Petrovic et Jaffee (1977) ont entrepris de comparer les performances des firmes publiques et privés dans le domaine de la collecte des ordures ménagères dans 83 villes du Midwest américain afin de lever le voile sur les controverses entourant l’efficacité des secteurs publics et privés. Leurs travaux concluent que le coût de la collecte des ordures ménagères par les municipalités est 15% plus élevé que celui des firmes privées.

Caves et Christensen (1980) comparent la performance de productivité de deux entreprises concurrentes canadiennes des chemins de fer. Les deux grandes entreprises opèrent sur le même marché, elles ont des tailles semblables et toutes les deux sont soumises à la même compétition dans la période considérée. En utilisant l’indice de la productivité (rendement réel par unité d’input) comme mesure d’efficience technique, leurs résultats montrent l’inexistence d’une preuve en faveur d’une moindre inefficience de l’entreprise publique par rapport à celle privée. Ces résultats contredisent les hypothèses de la littérature sur les droits de propriété. Les auteurs concluent que c’est la concurrence dans le marché et non la propriété, qui est vraiment le facteur explicatif de l’efficacité.

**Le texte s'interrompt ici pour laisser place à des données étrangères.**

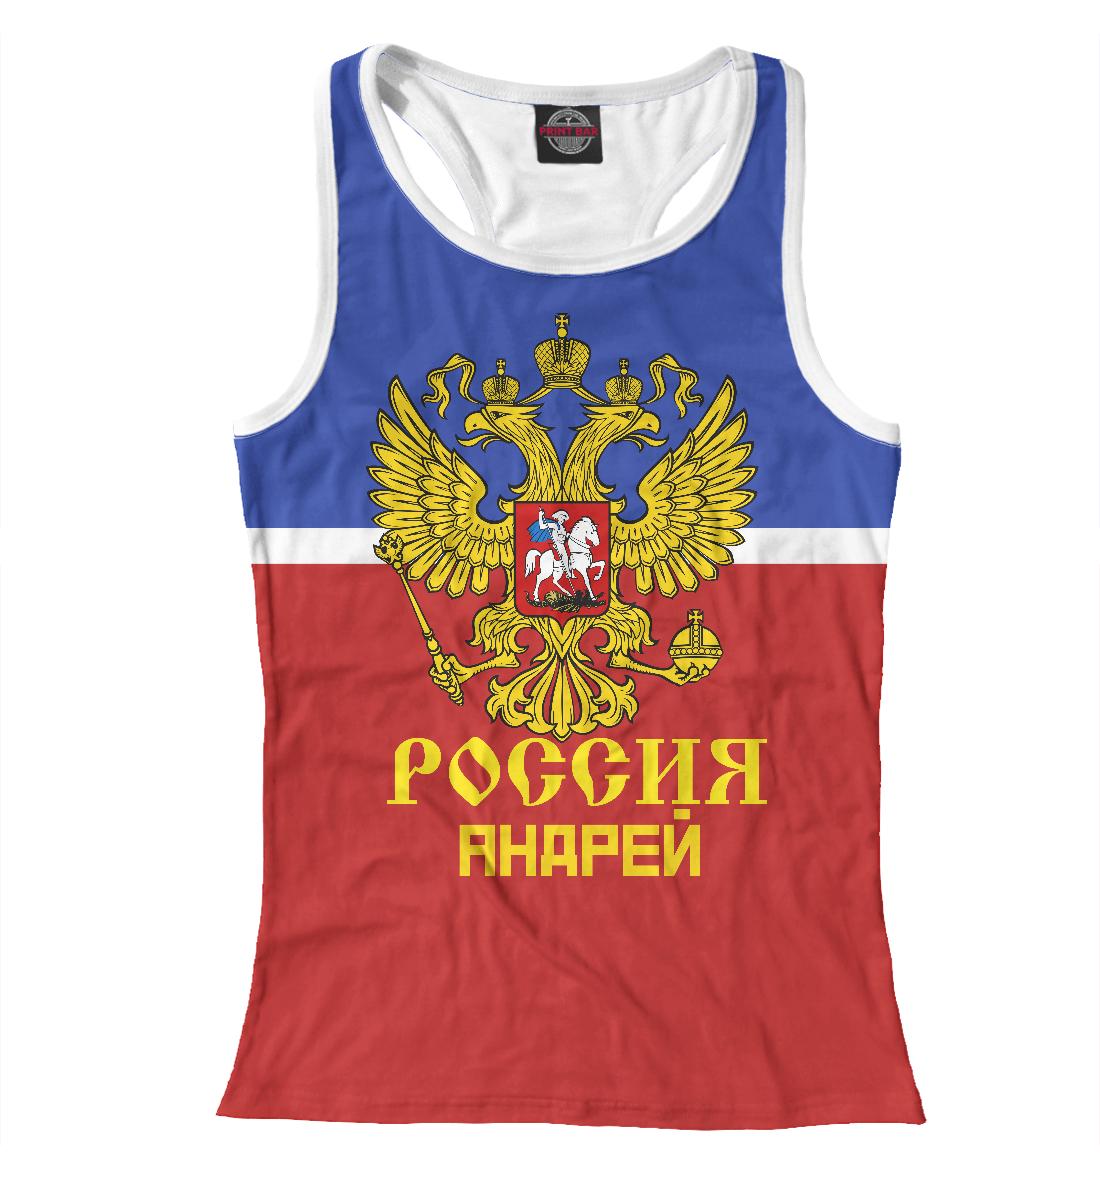 Купить Хоккеист Андрей, Printbar, Майки борцовки, AND-209905-mayb-1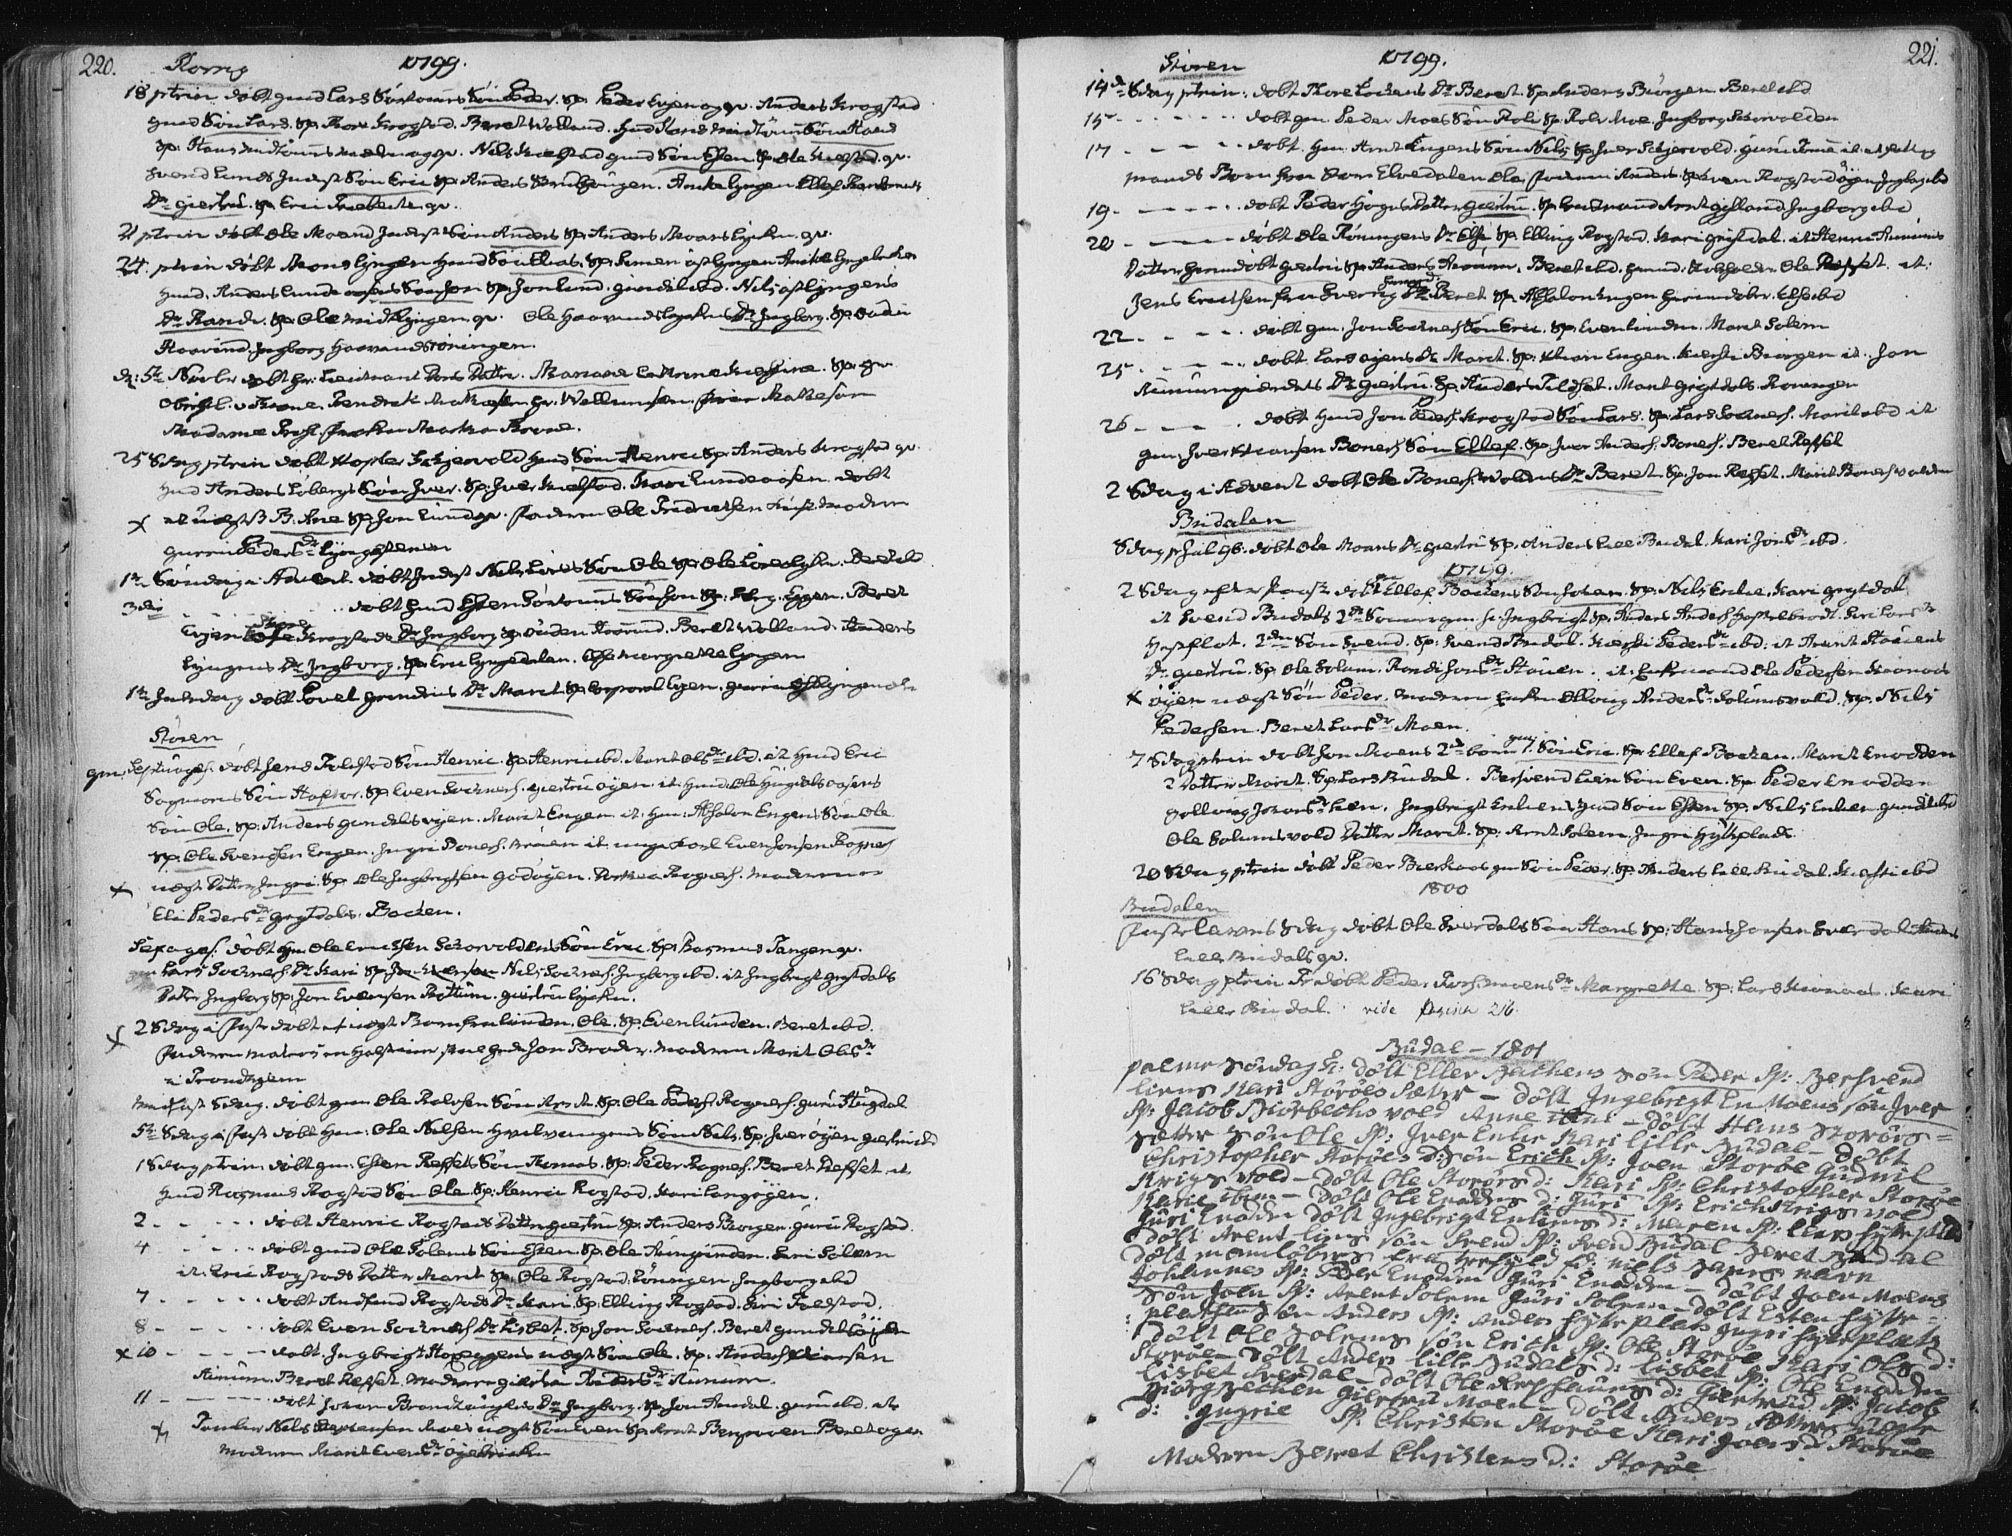 SAT, Ministerialprotokoller, klokkerbøker og fødselsregistre - Sør-Trøndelag, 687/L0992: Ministerialbok nr. 687A03 /1, 1788-1815, s. 220-221

Kim (1981) a entrepris de comparer les performances de 12 firmes publiques et 23 firmes privés en Tanzanie. L’auteur conclut que Les firmes privées sont plus efficientes que les firmes publiques (meilleure productivité de la main d’œuvre et profit net plus élevé).

Boardman et Vining (1989) ont entrepris quelques années plus tard des recherches similaires en comparant la performance de près de 500 entreprises privées, mixtes et publiques de l’industrie facturière et des mines établies hors des États-Unis en 1983. Les conclusions de ces recherches stipulent que les entreprises publiques ou mixtes sont moins profitables et moins efficaces que les entreprises privées anonymes. Ils notent également, que les entreprises mixtes sont moins efficaces que les entreprises publiques. La privatisation serait donc une nécessité parce qu’elle discipline les entreprises et conduit à une meilleure gestion dans la mesure où les marchés financiers soumettent les sociétés privées à une plus grande rigueur de gestion.

C’est du moins le constat que se permet de poser Nellis (1994). L’auteur soutient que les politiciens interfèrent moins dans le fonctionnement des firmes privées qui sont possédées et gérées par des actionnaires attentifs plutôt que par des bureaucrates désintéressés. La propriété selon Nellis (1994) serait donc la meilleure façon d’améliorer l’efficacité d’une entreprise.

Bien que la plupart des études empiriques met en évidence la supériorité des performances des entreprises privées sur leurs homologues publiques, on ne peut passer sous silence les résultats contradictoires obtenus par certains chercheurs. Ces divergences de résultats induites par la privatisation suggèrent si l’on se fie aux travaux de Cuirot et Villalonga (2000), Barberis et al. (1996) qu’il y aurait des variables contextuelles (processus de privatisation, environnement légal, économique et politique, facteurs organisationnels) à prendre en considération dans l’évaluation des incidences de la privatisation sur la performance des entreprises.

En dépit du fait que les privatisations aient été examinées dans un contexte africain de façon générale dans le cadre de divers travaux (Campbell et Bathia, 1998 ; Makalou, 1999 ; Nakoulma, 2000), l’existence de résultats empiriques contradictoires et peu d’études détaillées sur ce phénomène au Cameroun de manière spécifique justifient l’intérêt de l’étude de cas que nous proposons.